[Stored data entries]
*** Begin section ***

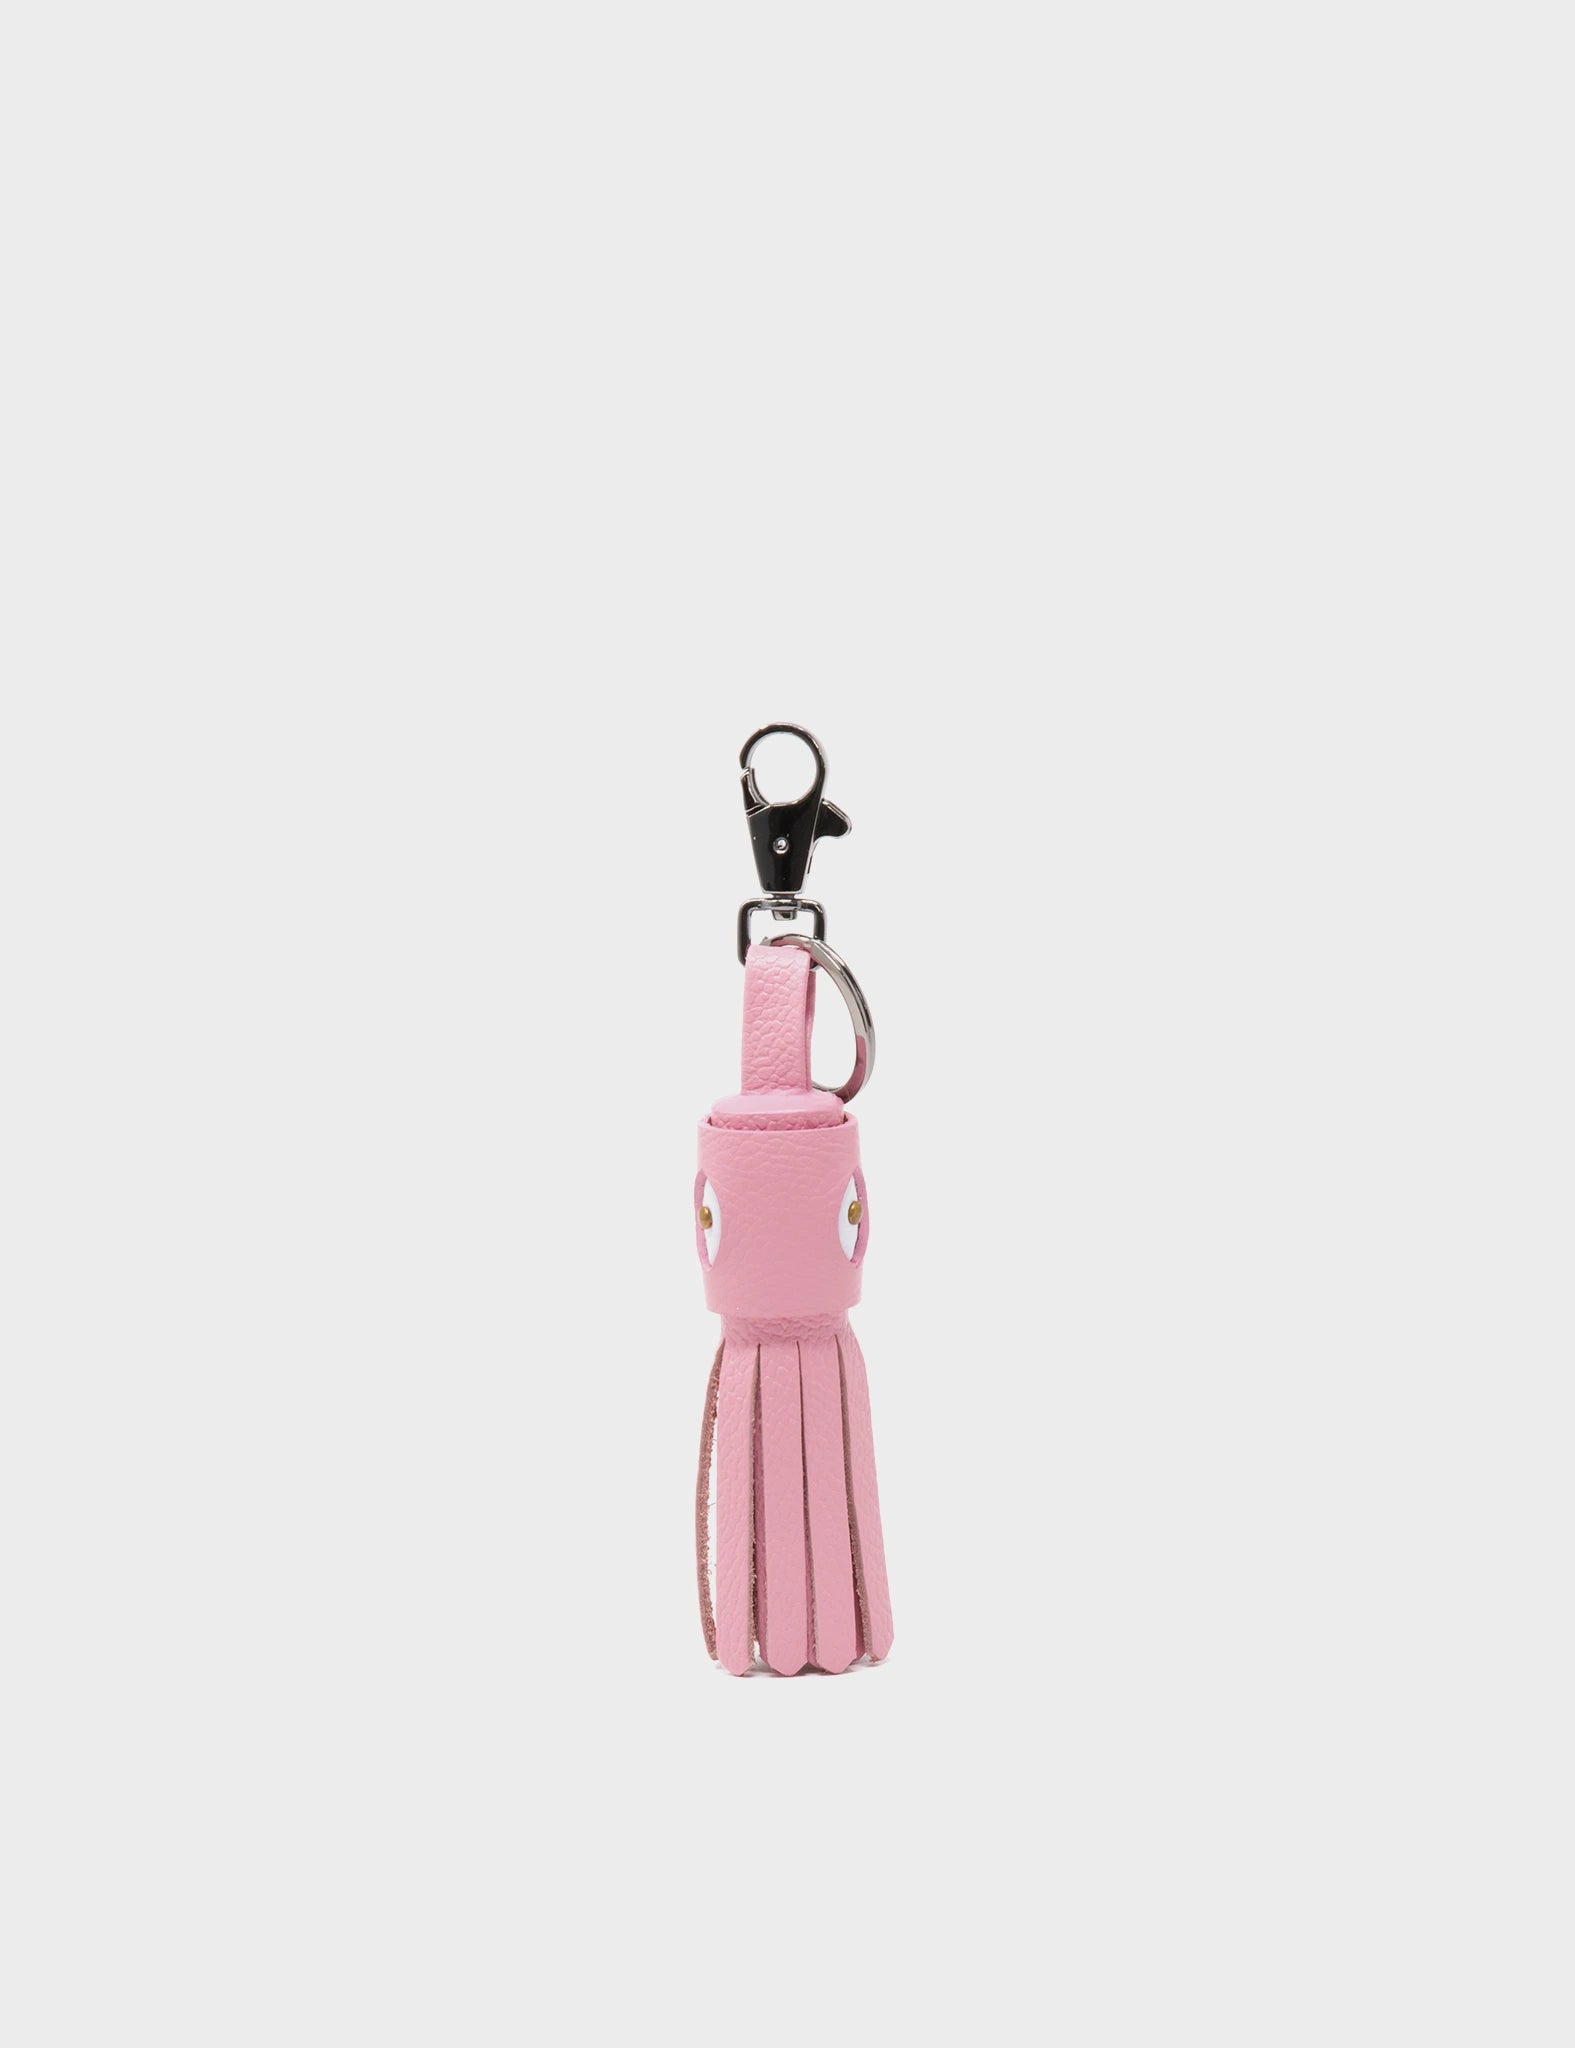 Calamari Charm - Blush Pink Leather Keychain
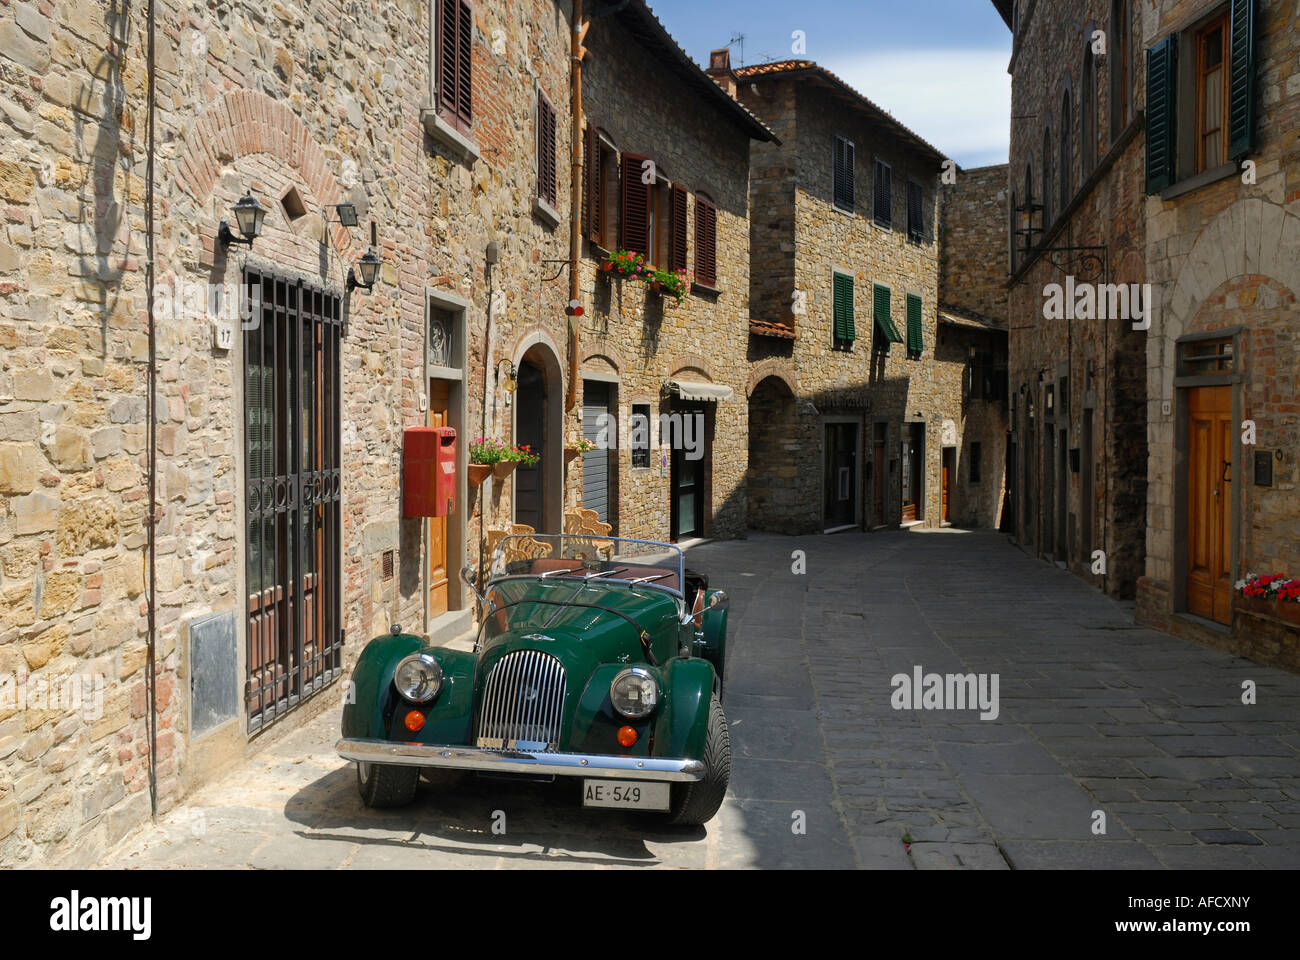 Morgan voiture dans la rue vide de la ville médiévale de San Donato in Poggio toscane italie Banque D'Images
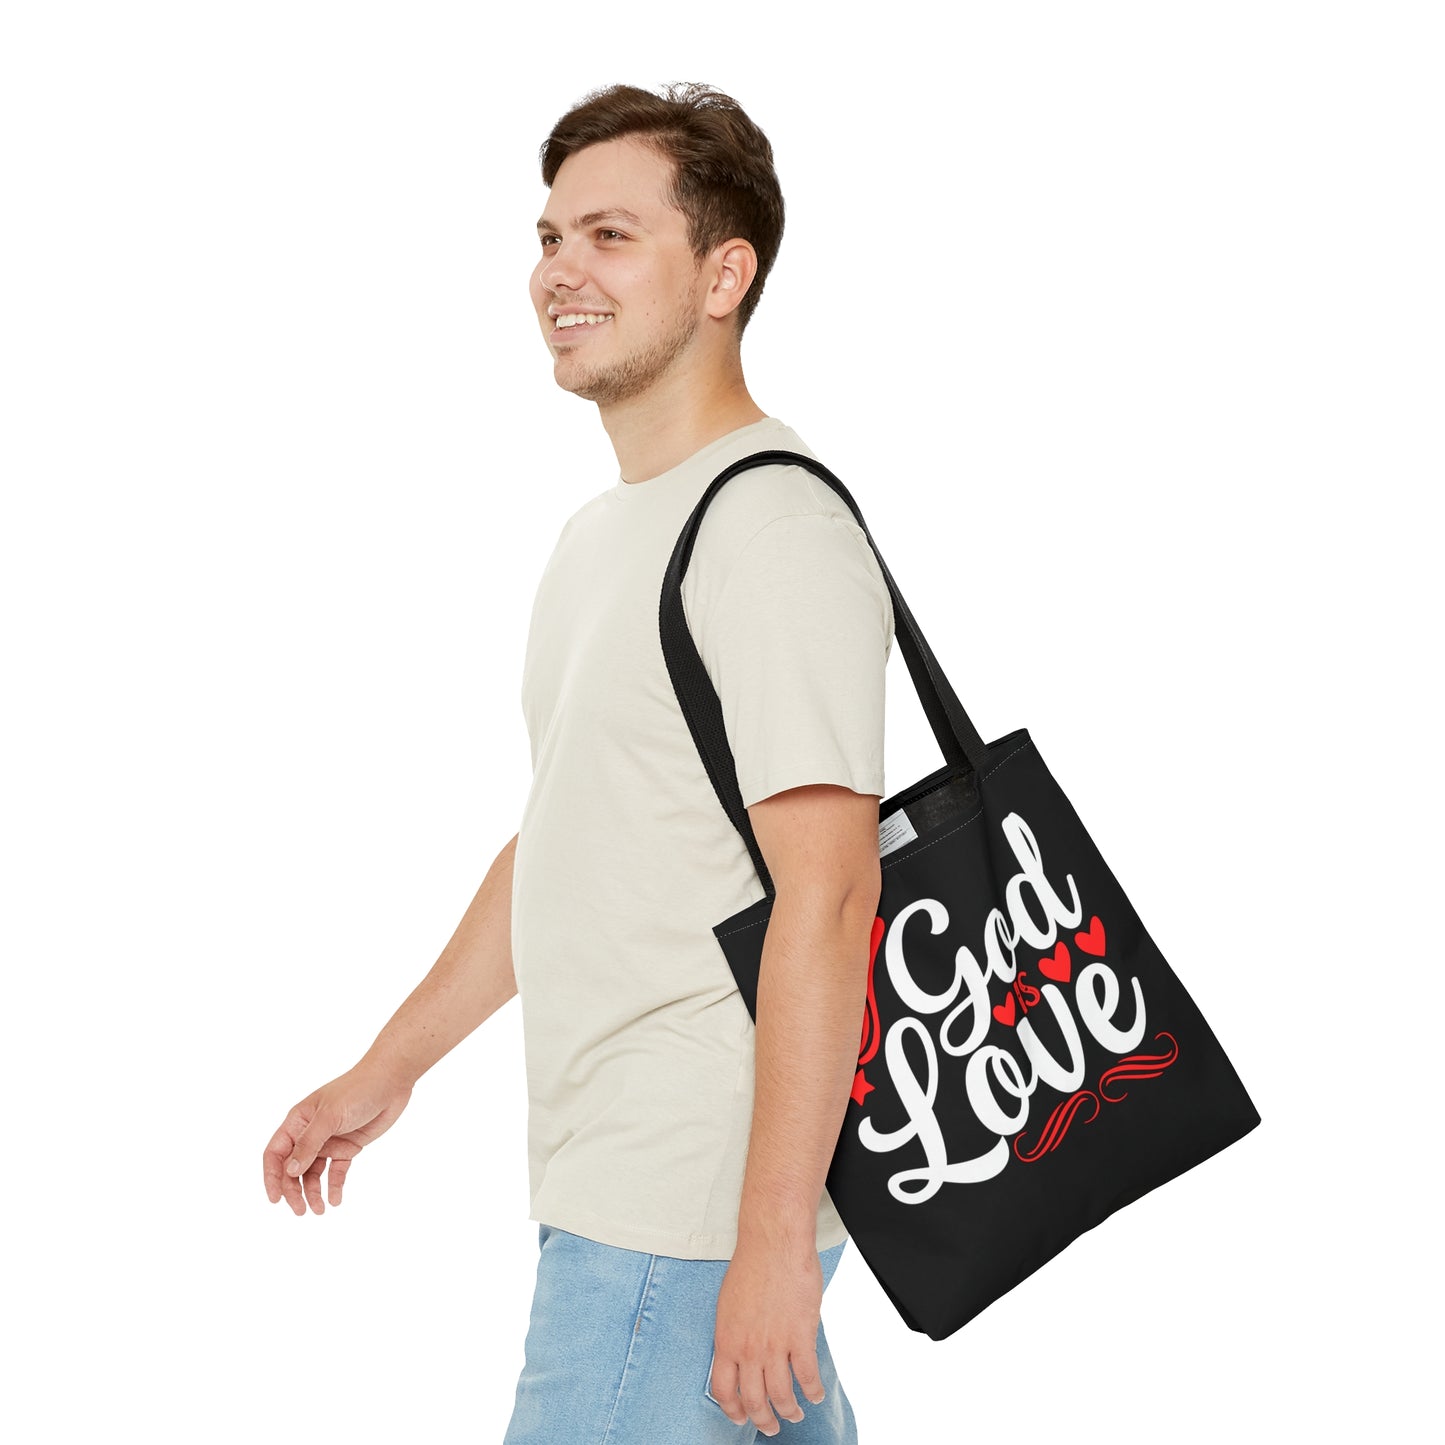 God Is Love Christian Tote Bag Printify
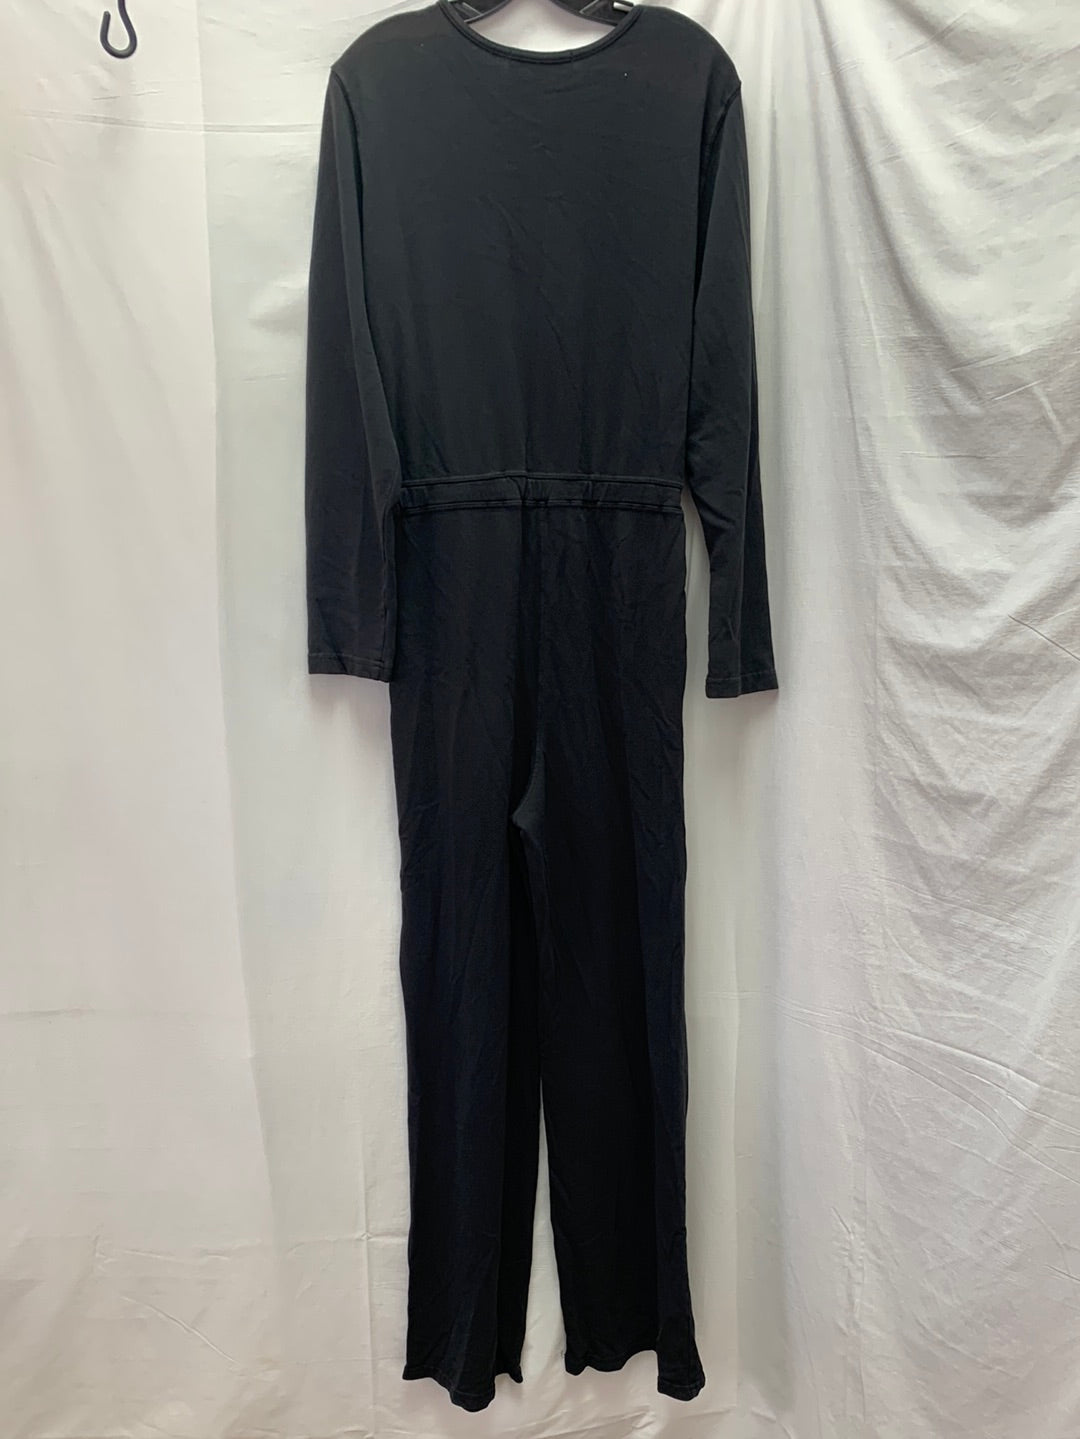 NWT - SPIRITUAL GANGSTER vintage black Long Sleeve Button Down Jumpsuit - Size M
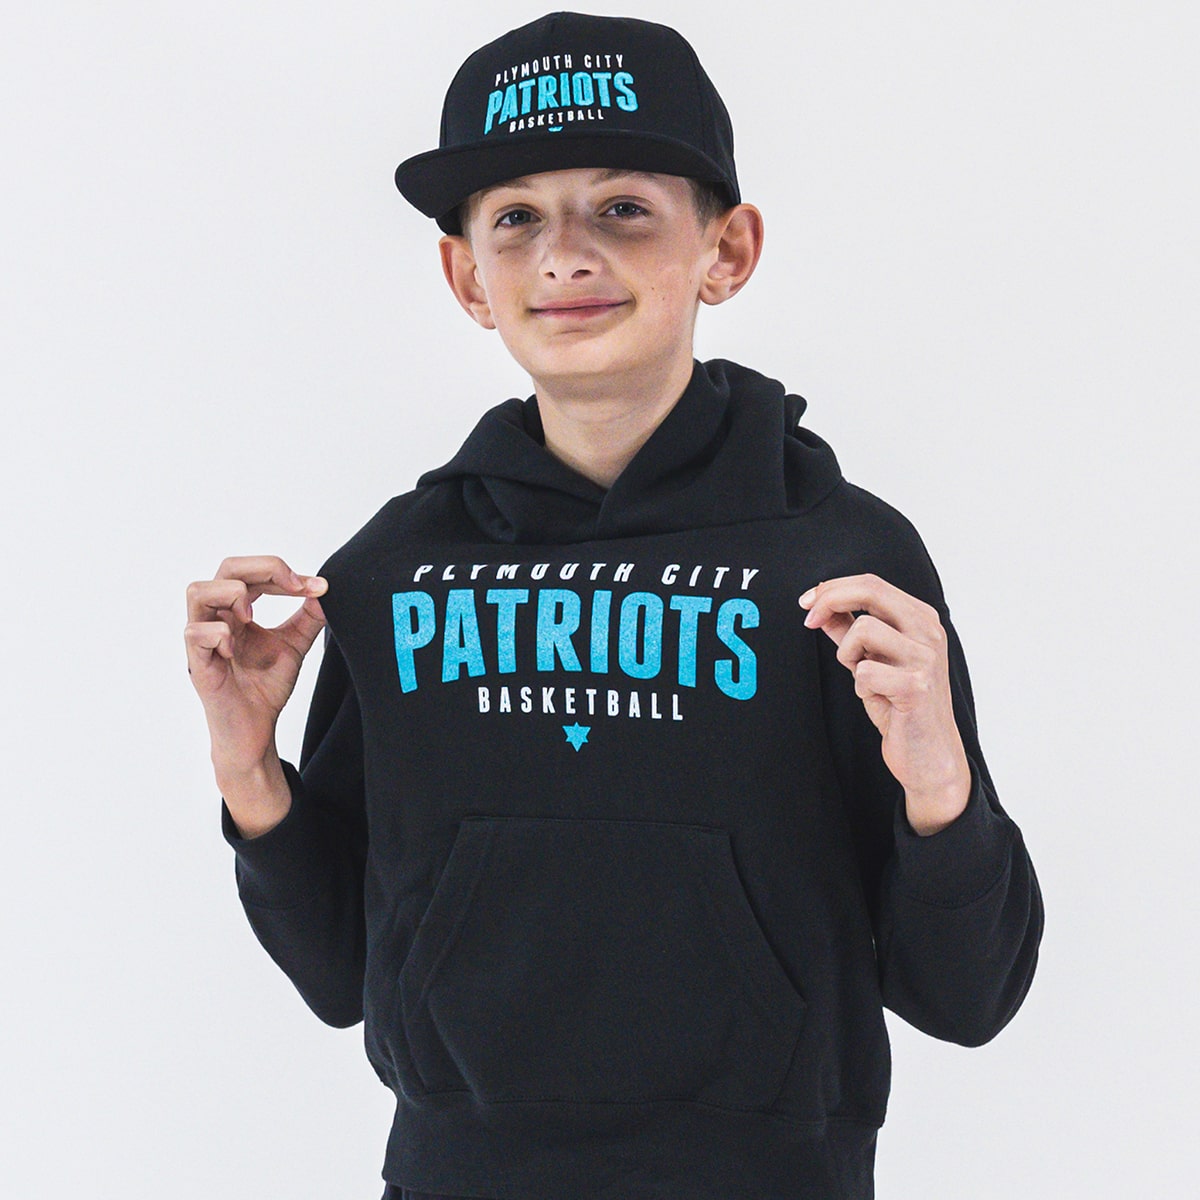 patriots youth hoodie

*** End section ***

**Task instructions:** Give back all of the entries above exactly, with the pictures excluded.

**Task output:**
 Calamari Charm - Blush Pink Leather Keychain
 Morgan voiture dans la rue vide de la ville médiévale de San Donato in Poggio toscane italie Banque D'Images
 God Is Love Christian Tote Bag Printify
 NWT - SPIRITUAL GANGSTER vintage black Long Sleeve Button Down Jumpsuit - Size M
 patriots youth hoodie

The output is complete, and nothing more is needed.